I just replied to a kafeneio post and I think I'll duplicate some of my introduction her in"welcome-to-antiX." I think I'll be here (using antiX) for awhile so I must put down some roots. Thanks!
BitJam wrote:Gentoo on the other hand was really easy. They gave me clear instructions for doing everything from the command line including compiling a kernel.
Yes. Isn't Gentoo fantastic that way! Gentoo is a distro that really DOES require instructions (or a"manual"). Its goals are contrary to a"turn-key" distro model. I wish I had enough cheap Internet bits at my disposal here in the country to run it again. Honestly, I need the GNU/Linux refresher course it would provide to me. Okay...now I'll get somewhat back on topic for my final comment and then move this personal stuff over to the other forums.
BitJam wrote: The live system is still clunky from cd or usb-1.x but it really flies with usb-3.0. I once did a frugal install to an internal ssd that booted to bash in about 5 seconds and got to X-windows in less than 10 seconds (something like that).
My USB stick boot is fast and I'm not at all impatient with it using my netbook's USB 2 interface, and even an antiX CD boots much faster than an Ubuntu live CD. I'm so impressed, I think I'll even try a live minimal antiX boot over USB 1.1 on my old PII Presario laptop. If it works well enough to run shorewall firewall, I'll really be in love with antiX! Shorewall has everything I've ever needed in a firewall (iptables frontend and manager).
Posts: 1,308
BitJam
Joined: 31 Aug 2009
#32
I got involved with antiX and Mepis because (Gentoo-based) SysRescueCD went through a rough patch. The console framebuffer was broken so if X wasn't working, you only had a 80x25 screen which was very cramped. My thinking was that a RescueCD/USB should be able to handle the console well. AntiX had a framebuffer console and booted very fast. I tried fixing SysRescueCD but that was not much fun. I think that experience led me in the direction of trying to make it as easy as possible for people to customize our system however they want.

I was still spoiled by the Gentoo-way so I wanted zsh and I wanted console decorations. My desire for being able to add zsh to antiX is what started me down the path of the live system with persistence and remastering. Oh yes, the existing live system back then had a lot of problems which I eventually fixed over the years. Perhaps out of inertia, I'm still working on improving the console-only experience in antiX. Almost all of my programs work in the console and many of my programs work in both the console and in X-windows.

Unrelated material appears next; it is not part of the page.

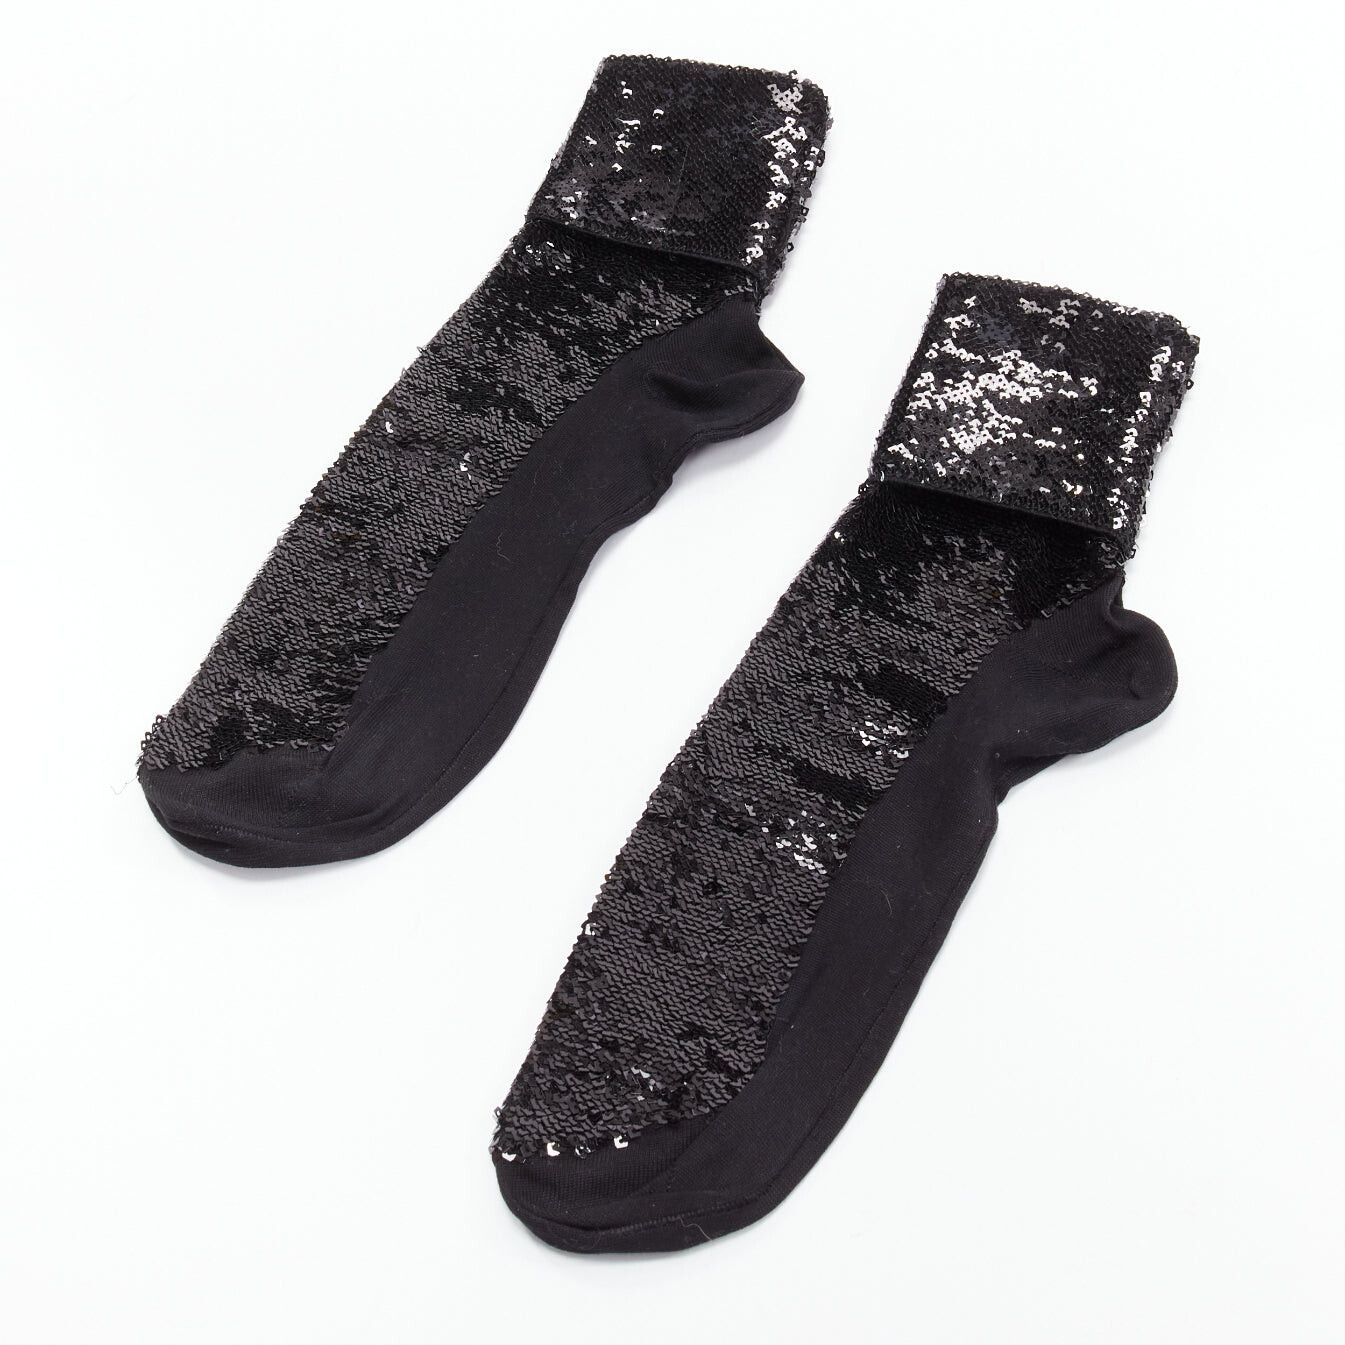 Saint Laurent Paris SAINT LAURENT 2016 black sequins cotton blend rolled cuffed socks EUR38 Size ONE SIZE - 1 Preview

You'd think that with all the advances in the kernel and other things, building a reliable live system would be a piece of cake by now. Unfortunately, upstream keeps throwing us curveballs. Their basic assumption seems to be that people on older systems should add hardware specific boot parameters to get their machines to boot at all so that things are slightly more convenient on the newer machines. But forcing people to manually add boot parameters is the opposite of what we're trying to do. We trying to get the system to boot into a reasonable configuration OOTB with zero or minimal intervention by the user. So we are often going through back-flips and contortions to counteract these"improvements" and modernizations flowing down from upstream so people can boot into X on older hardware. At the same time we want to work well on newer hardware. In antiX-17 I've finally been able to get the consoles to work reasonably well OOTB on a wide range of hardware without any manual adjustments by the user.
Posts: 148
figosdev
Joined: 29 Jun 2017
#33
the goals of antix seem entirely reasonable. if i had to maintain it (well beyond my own skills) the main intended difference would be a small one:

the libre kernel/libre version of antix doesnt have x. i get it, build your own and snapshot. but if it were mine, it would be upside down-- the libre version would be the priority, there would be a libre version with x and icewm, and any version with non-free codecs or kernel blobs would be the side thing. (for fans of antix i suppose its good that im not in charge then. not that id be up to it anyway.)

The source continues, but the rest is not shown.